The provisioning of EDP requires the assignment of lCores. These lCores must be considered for the overall resource budget.
Ethernet VPN (EVPN)
Ethernet VPN (EVPN) is a standards-based BGP control plane that enables the extension of Layer 2 and Layer 3 connectivity.
In the Route Server mode, EVPN allows workloads such as an Evolved Packet Core (EPC) that supports BGP peering and high throughput and low latency to bypass the NSX edge node and route traffic directly to the physical network.
The NSX edge resides in the control path and not the data path. The NSX edge peers to both the workload and the physical network. The data path bypasses the NSX edge node and routes directly to the physical network using VXLAN encapsulation, enabling high throughput and low latency required by this class of applications.
EVPN route server mode is implemented using a specific set of RFCs. These RFCs must be supported on the network underlay devices for the service to work end-to-end.
Design Recommendation |
Design Justification |
Design Implication |
Domain Applicability |
---|---|---|---|
Deploy a three-node NSX Manager cluster using the large-sized appliance to configure and manage all NSX-based compute clusters. |
The large-sized appliance supports more than 64 ESXi hosts. The small-sized appliance is for proof of concept and the medium size supports up to 64 ESXi hosts only. |
The large-sized deployment requires more resources in the vSphere management cluster. |
Management domain, Compute clusters VNF, CNF, C-RAN, Near/Far Edge, and NSX Edge Not applicable to RAN sites |
Apply vSphere Distributed Resource Scheduler (DRS) anti-affinity rules to the NSX Manager/Controller cluster nodes. |
Using DRS prevents Manager or Controller nodes from running on the same ESXi host, and thereby risking their high availability. |
Additional configuration is required to set up anti-affinity rules and the rules must be maintained in the event of node restores. |
|
Create a VLAN and Overlay Transport zone. |
Ensures that all segments are available to all ESXi hosts and edge VMs are configured as Transport Nodes. |
None |
Management domain, Compute clusters VNF, CNF, C-RAN, Near/Far Edge, and NSX Edge Not applicable to RAN sites |
Configure ESXi hosts to use the vSphere Distributed Switch with EDP mode in each NSX compute cluster. |
Provides a high-performance network stack for NFV workloads. |
EDP mode requires more CPU resources, and compatible NICs compared to standard or ENS interrupt mode. |
|
Use large-sized NSX Edge VMs. |
The large-sized appliance provides the required performance characteristics if a failure occurs. |
Large-sized Edges consume more CPU and memory resources. |
|
Deploy at least two large-sized NSX Edge VMs in the vSphere Edge Cluster. |
Creates the NSX Edge cluster to meet availability requirements. |
None |
|
Create an uplink profile with the load balance source teaming policy with two active uplinks for ESXi hosts. |
For increased resiliency and performance, supports the concurrent use of two physical NICs on the ESXi hosts is supported by creating two TEPs. |
None |
|
Create a second uplink profile with the load balance source teaming policy with two active uplinks for Edge VMs. |
For increased resiliency and performance, supports the concurrent use of two virtual NICs on the Edge VMs by creating two TEPs. |
None |
|
Create a Transport Node Policy with the VLAN and Overlay Transport Zones, VDS settings, and Physical NICs per vSphere Cluster. |
Allows the profile to be assigned directly to the vSphere cluster and ensures consistent configuration across all ESXi hosts in the cluster. |
You must create all required Transport Zones before creating the Transport Node Policy. |
|
Create two VLANs to enable ECMP between the Tier-0 Gateway and the Layer 3 device (ToR or upstream device).
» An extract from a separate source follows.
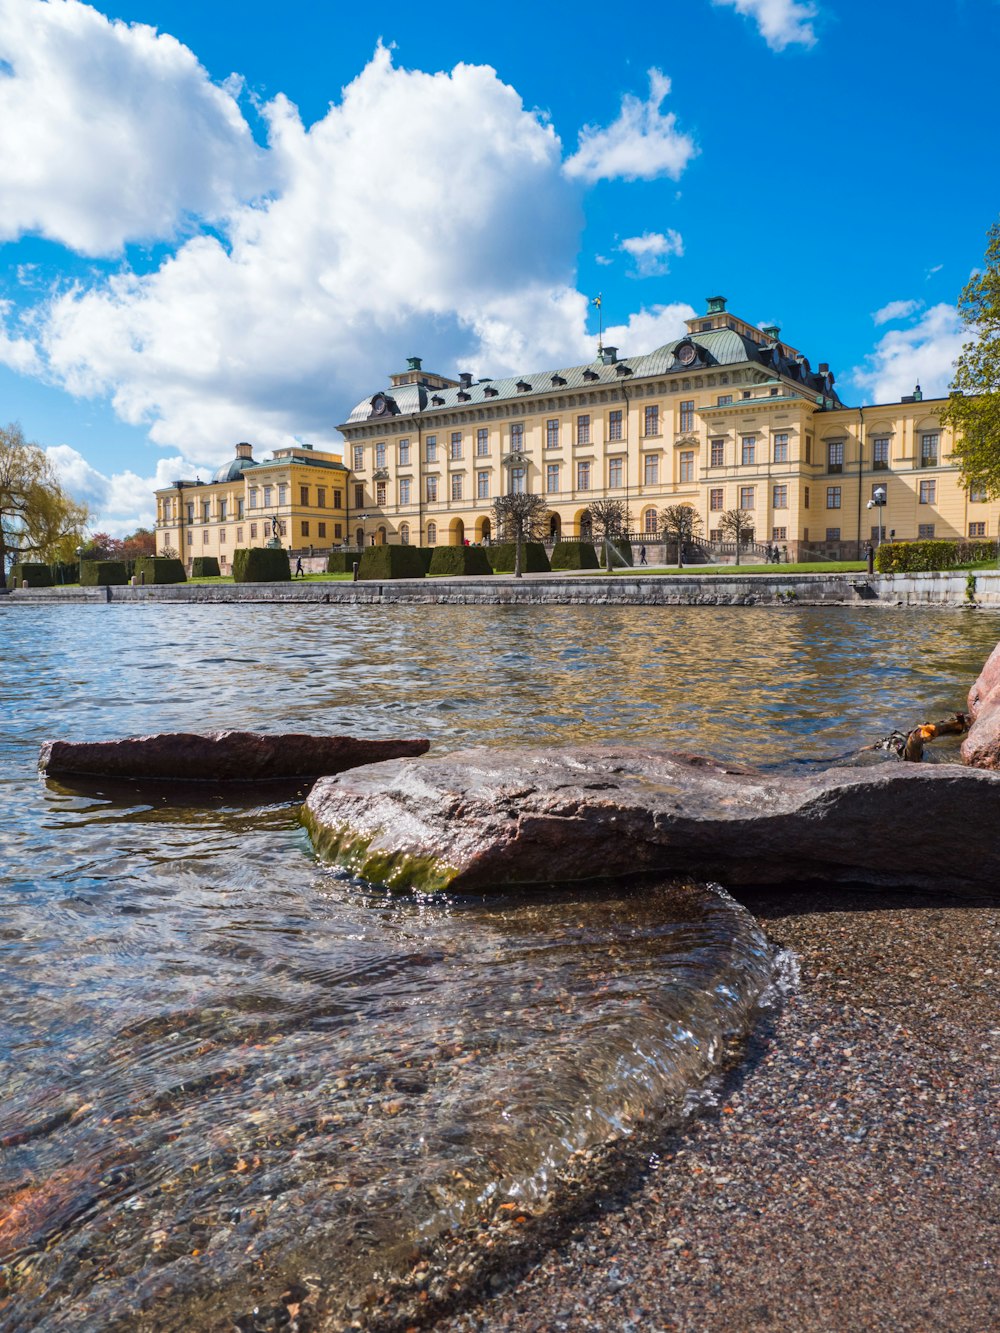 Drottningholm Palace in Sweden under white and blue sky

The ToR switches or the upstream Layer 3 devices have an SVI on one of the two VLANs. Each edge VM has an interface on each VLAN. |
Supports multiple equal-cost routes on the Tier-0 Gateway and provides more resiliency and better bandwidth use in the network. |
Extra VLANs are required. |
|
Deploy an Active-Active Tier-0 Gateway. |
Supports ECMP North-South routing on all edge VMs in the NSX Edge cluster. |
Active-Active Tier-0 Gateways cannot provide services such as NAT. If you deploy a specific solution that requires stateful services on the Tier-0 Gateway, you must deploy a Tier-0 Gateway in Active-Standby mode. |
|
Deploy a Tier-1 Gateway to the NSX Edge cluster and connect it to the Tier-0 Gateway. |
Creates a two-tier routing architecture that supports load balancers and NAT. Because Tier-1 is always Active/Standby, the creation of services such as load balancers or NAT is possible. |
None |
|
Deploy Tier-1 Gateways with Non-Preemptive setting. |
Ensures that when the failed Edge Transport Node comes back online it does not move services back to itself resulting in a small service outage. |
None |
|
Replace the certificate of the NSX Manager instances with a certificate that is signed by a third-party Public Key Infrastructure. |
Ensures that the communication between NSX administrators and the NSX Manager instance is encrypted by using a trusted certificate. |
Replacing and managing certificates is an operational overhead. |
|
Replace the NSX Manager cluster certificate with a certificate that is signed by a third-party Public Key Infrastructure. |
Ensures that the communication between the virtual IP address of the NSX Manager cluster and NSX administrators is encrypted using a trusted certificate. |
Replacing and managing certificates is an operational overhead. |